GenbankAlignments

From Genecats
Jump to navigationJump to search

The Genbank Alignment Process

This is a description of the behind the scenes parts of the Genbank alignment process. If you want doc on how to add a new species to the list of aligned assemblies you want to go here.

Overview

The genbank alignment process aligns RNA and EST sequences from NCBI, as well as the RefSeq mRNA's to (almost) all the assemblies that UCSC supports. The process is divided into roughly five parts: download, process, align, database load, and dissemination. The first four parts and the beginning of the fifth happen on the genbank-101 machine, the dissemination part includes hgwdev, hgwbeta, and then to our official mirrors (RR, euro, japan).

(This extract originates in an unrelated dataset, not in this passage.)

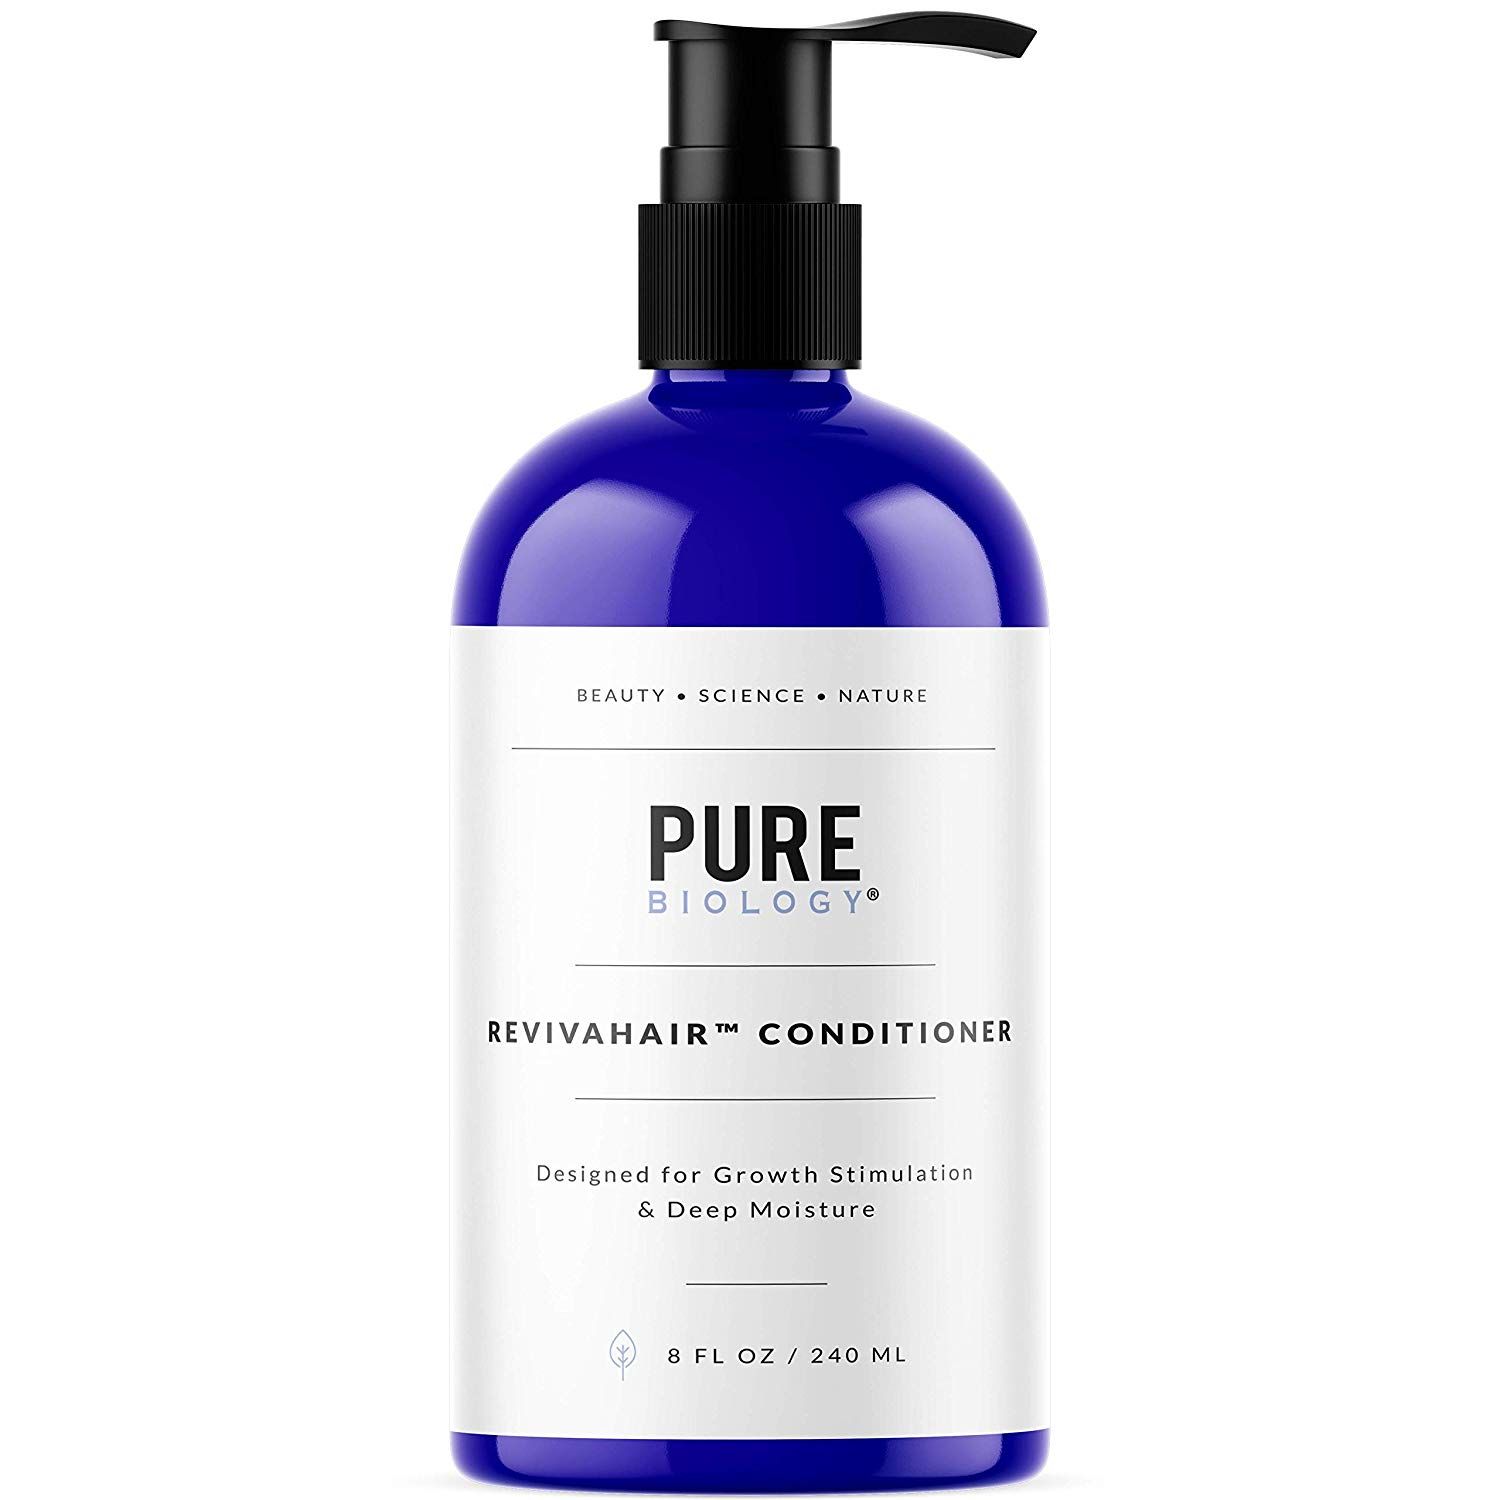 10 Best Shampoos for Hair Loss of 2020  ReviewThis

GenBank/RefSeq Update Goals

  • Incremental update of mRNAs and ESTs for multiple species and assemblies based on daily updates from NCBI.
  • Automatically run from cron, possibly every night.
  • Only require manual intervention on non-recoverable errors
  • Incremental across GenBank releases; don't force a full realignment every quarter.
  • Allow removal of older genbank full releases (and still not force a full realignment).
  • Avoid corruption of disk files and databases.
  • Recover from failures state, automatically when possible, making manual recover easy.
  • Allow restarting failed steps without restarting the entire process.
  • Don't require the process to be run at defined intervals. When a run is done, data files will be updated to reflect the current state of the NCBI repository.

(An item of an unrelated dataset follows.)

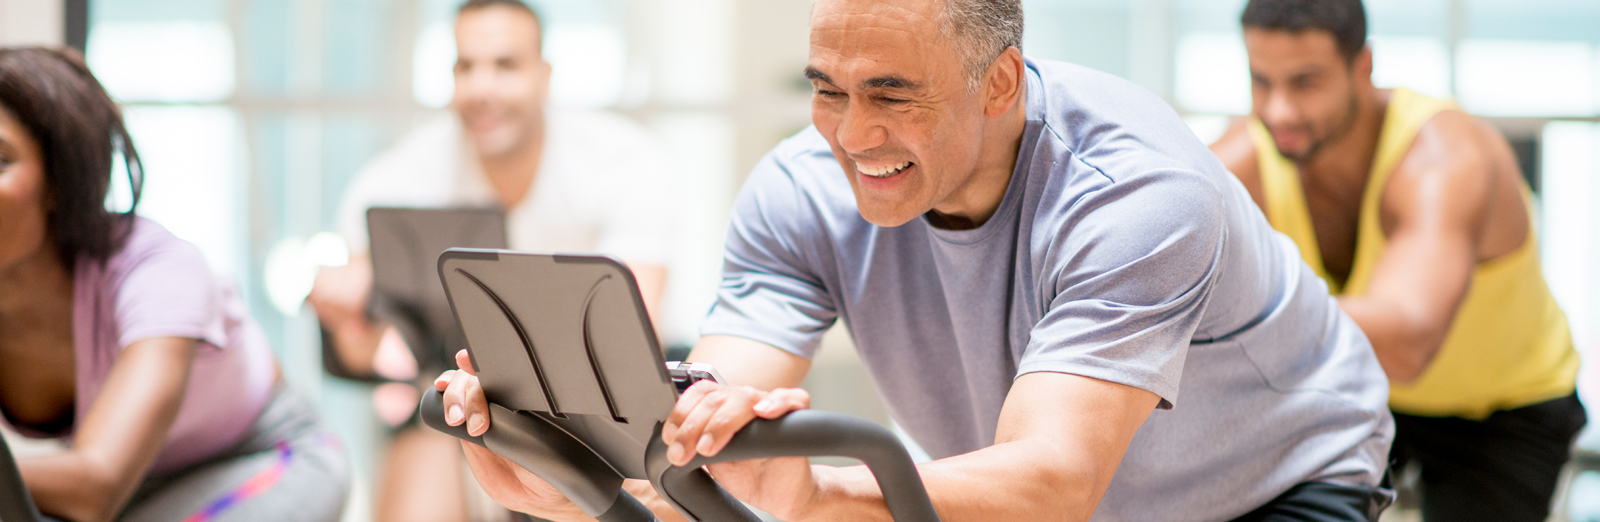 Older man smiling while cycling on an exercise bike at a spin class

GenBank/RefSeq Download Step

The download step retrieves files from the NCBI ftp area and store the results in the download/ directory. Algorithm Run the gbDownloadStep script, which:

  • Check if the GenBank release version has change from last version.
  • If version changed, create a new version directory and download the full release and non-cumulative daily files.
  • If the version is unchanged, download only the new, non-cumulative daily files.
  • Downloads RefSeq files, similar to GenBank download

Note that this process isn't mirroring; it doesn't overwrite existing files. This minimizes the danger of leaving the data in an indeterminate state. Only the required subset of files are downloaded.

Downloads Directory structure

The directory structure for GenBank and RefSeq are a subset of the directories at the NCBI ftp site. Release version numbers are added to the database directory names to allow keeping multiple versions. Now that RefSeq is doing versioned releases, it is handled in the same manner as GenBank on an independent releases cycle.

$gbRoot/data/download/ - downloaded files from NCBI ftp genbank/${ver}/

README.genbank - version number is parsed from text
gbrel.txt - release nodes
gb*.seq.gz - sequences, in flat-file format, grouped by division.
full.md5 - md5 checksums for files downloaded with the full releases.
daily-nc/
nc0825.flat.gz - flat-file update for a 08/25.
nc0825.flat.gz.md5 - md5 checksum for update file


refseq.${ver} release/complete/

complete*.rna.gbff.gz - flat-files containing full RefSeq mRNA .
full.md5 - md5 checksum of all files
daily/
rsnc.0101.2002.gbff.gz - Flat-file update for 01/01/2002.
rsnc.0101.2002.gbff.gz.md5 - md5 checksum

...

GenBank/RefSeq Data Processing Step

The data processing step extracts data from the downloaded GenBank files into a format that is ready for import into the database.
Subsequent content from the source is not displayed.